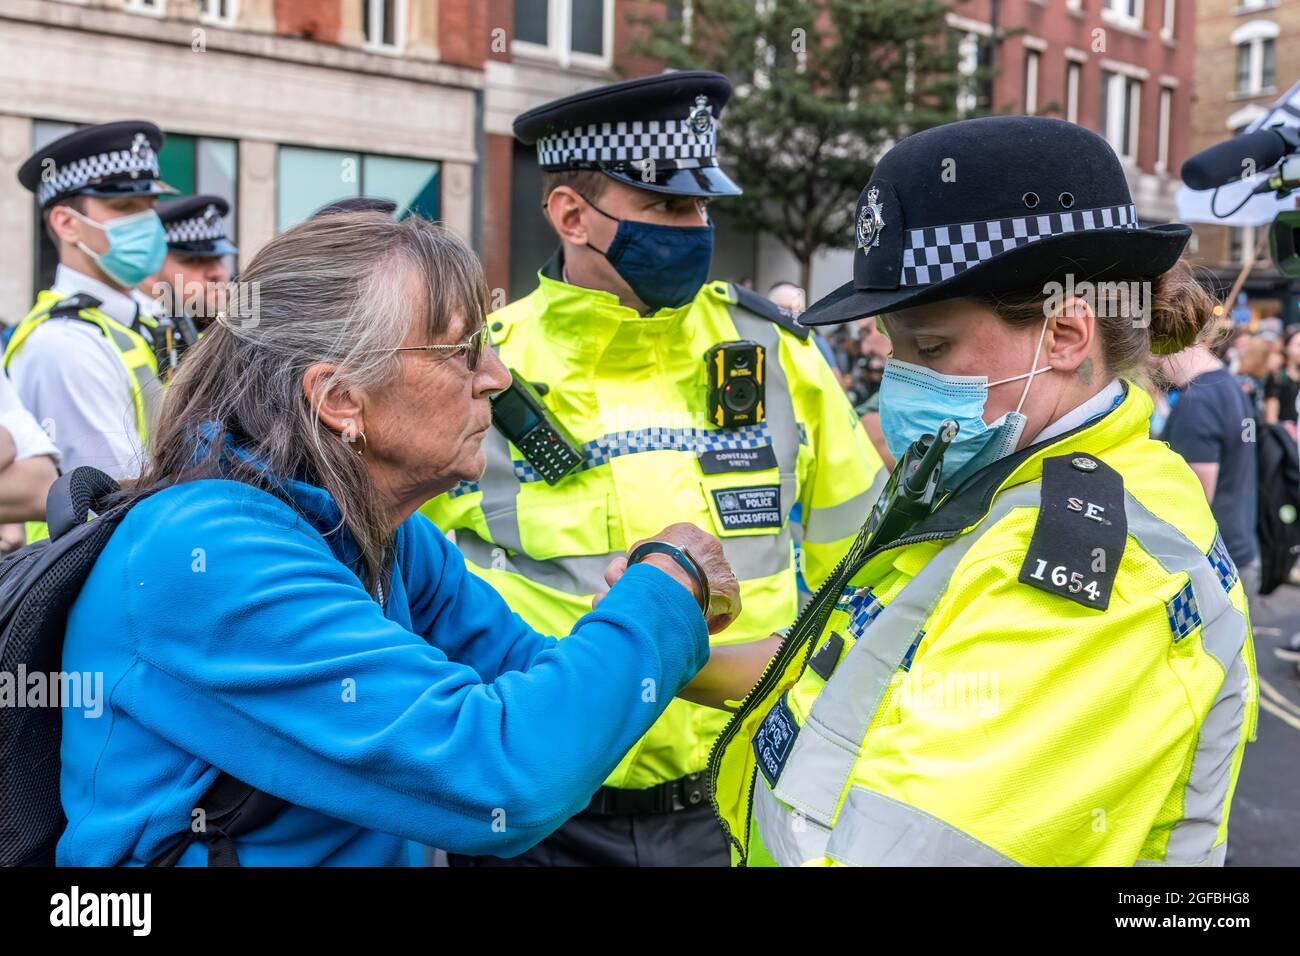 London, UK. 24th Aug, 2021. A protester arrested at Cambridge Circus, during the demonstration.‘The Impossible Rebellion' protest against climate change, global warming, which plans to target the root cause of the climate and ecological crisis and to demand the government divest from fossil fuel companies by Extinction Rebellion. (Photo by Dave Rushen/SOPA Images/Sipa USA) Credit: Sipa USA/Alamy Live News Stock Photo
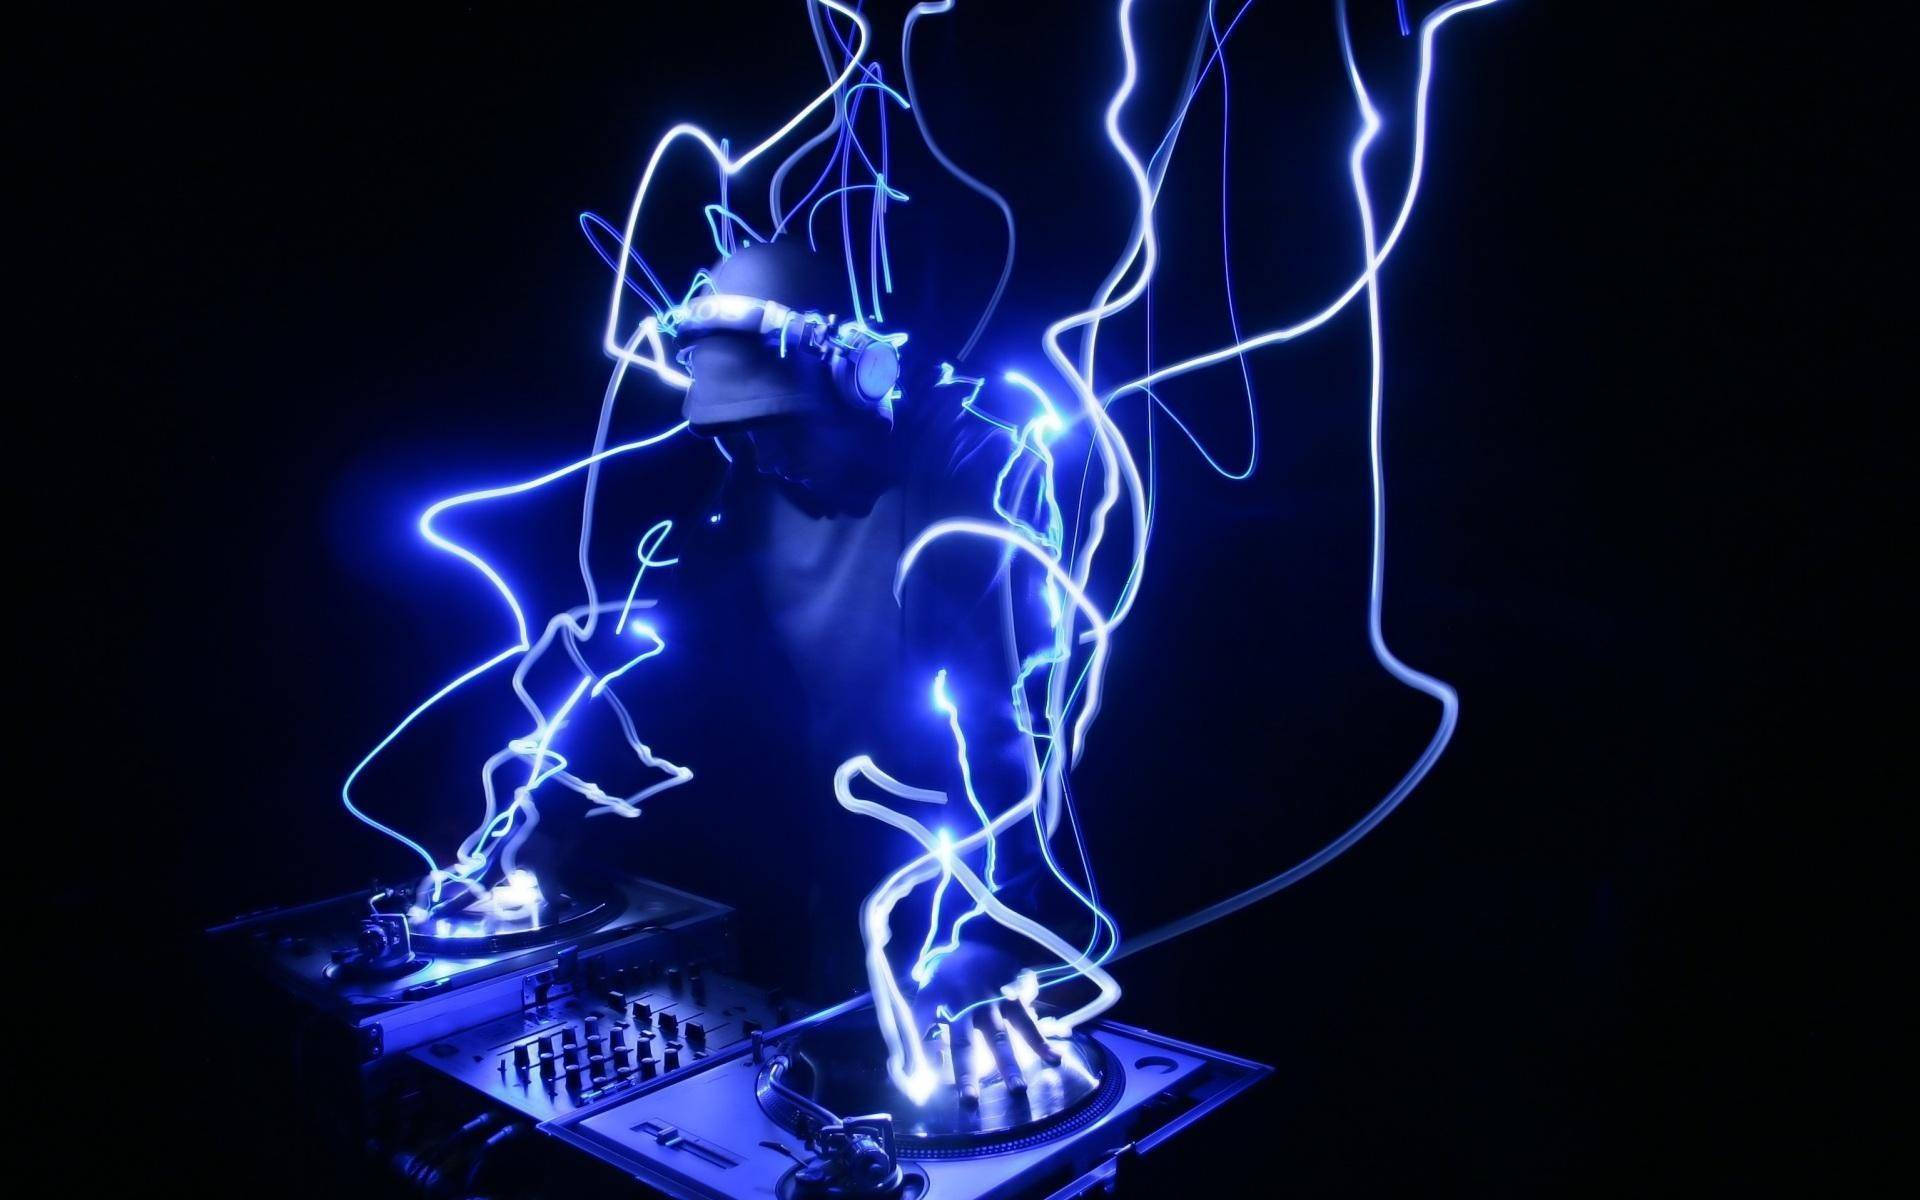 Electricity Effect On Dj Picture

▬▬▬▬▬▬

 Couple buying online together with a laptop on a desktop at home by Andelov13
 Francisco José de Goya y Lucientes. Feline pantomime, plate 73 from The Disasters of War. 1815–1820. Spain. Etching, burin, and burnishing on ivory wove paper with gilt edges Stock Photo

▬▬▬▬▬▬

## Work order
Look above for the line holding "London, UK. 24th" and output everything from it down to the line holding "Electricity Effect On Dj Picture", both ends included, exactly and without images.

## Task response
 London, UK. 24th Aug, 2021. A protester arrested at Cambridge Circus, during the demonstration.‘The Impossible Rebellion' protest against climate change, global warming, which plans to target the root cause of the climate and ecological crisis and to demand the government divest from fossil fuel companies by Extinction Rebellion. (Photo by Dave Rushen/SOPA Images/Sipa USA) Credit: Sipa USA/Alamy Live News Stock Photo
 Electricity Effect On Dj Picture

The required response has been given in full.